# Identify this bird and help me find it's owner?



## Umbongo (11 June 2015)

Hello!

This bird was brought in to me tonight but we don't have much idea about what species it is or how to find out who it belongs too. We think it is possibly some type of parakeet? Possibly a ring neck? It sounds like a parakeet anyway!

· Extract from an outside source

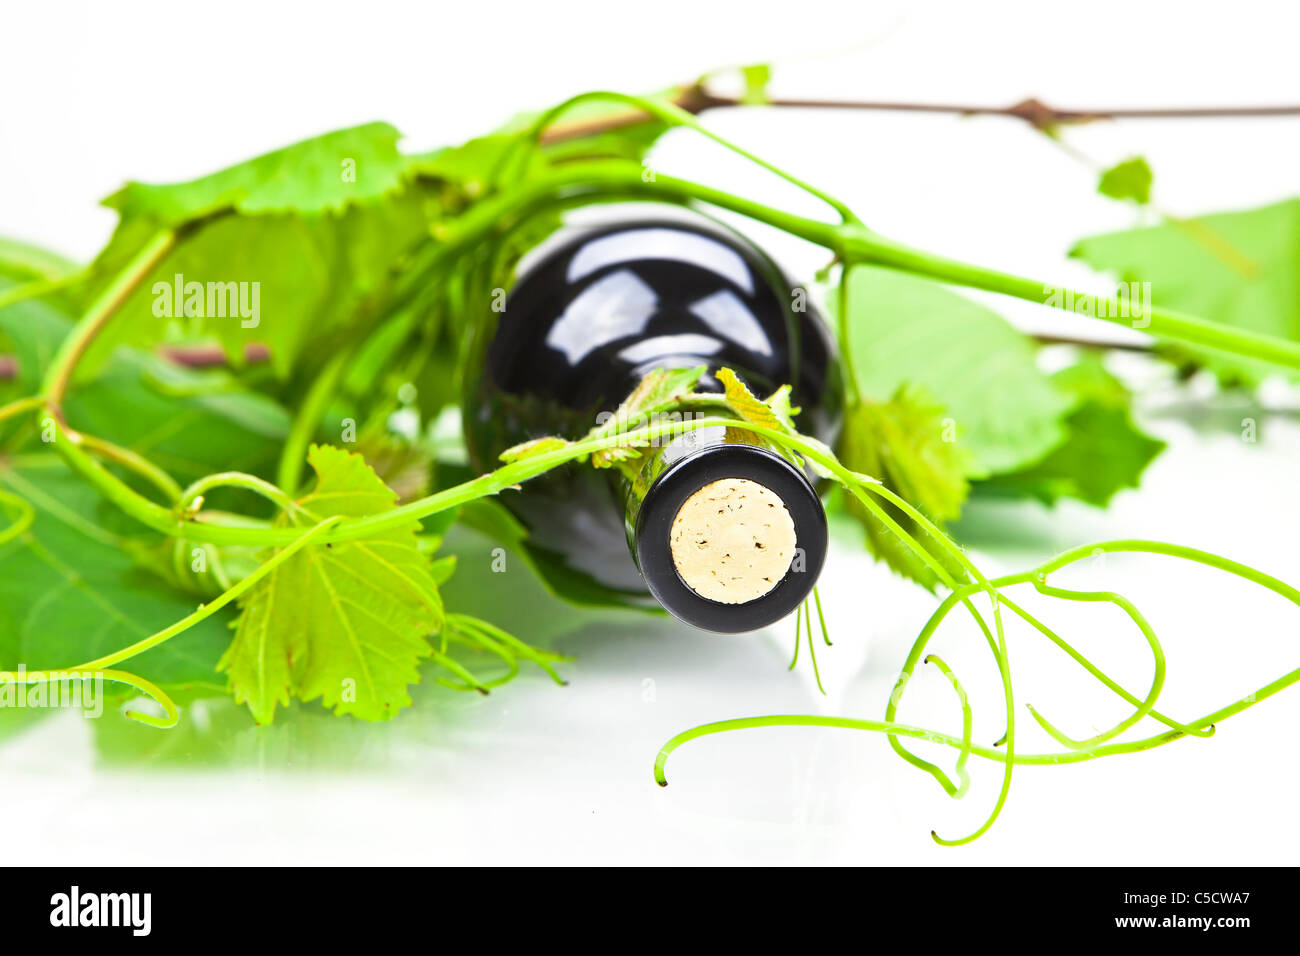 A bottle of red wine with leaves and tendrils Stock Photo

Has a purple band on its right leg which says: NB15    K901     8

Has eaten some bird seed, was ravenous and is now asleep on a perch.

Thanks for any help.


----------



## suffolkmare (11 June 2015)

No idea really, but looks about lovebird size? I googled "uk parakeet club" and this link might be useful?
http://www.theparrotclub.co.uk/forum/25-lost-birds/
Hope little chap is ok and can be returned to a caring owner, please let us know!


----------



## suffolkmare (11 June 2015)

Just to add, make sure it has access to fresh water and maybe even dropper some water  (clean eye dropper or small syringe) into it's beak as real chance of dehydration if it's been lost for a while. Good luck!


----------



## flurrydor (11 June 2015)

No idea about breed, but I think the 15 means it was hatched this year....so it's only a babe.


----------



## flurrydor (11 June 2015)

Could it be an Indian Ring Necked Parakeet?


----------



## Umbongo (12 June 2015)

Thanks everyone for your help. Yes he is a white indian ring necked parakeet and we have found his owner!
Put a post on facebook which was shared around. He was found 40 doors down from his owner, is only 2 months old and unable to fly yet.
He was very lucky as he was missing for 24 hours, and there are a lot of urban foxes and cats around here!


----------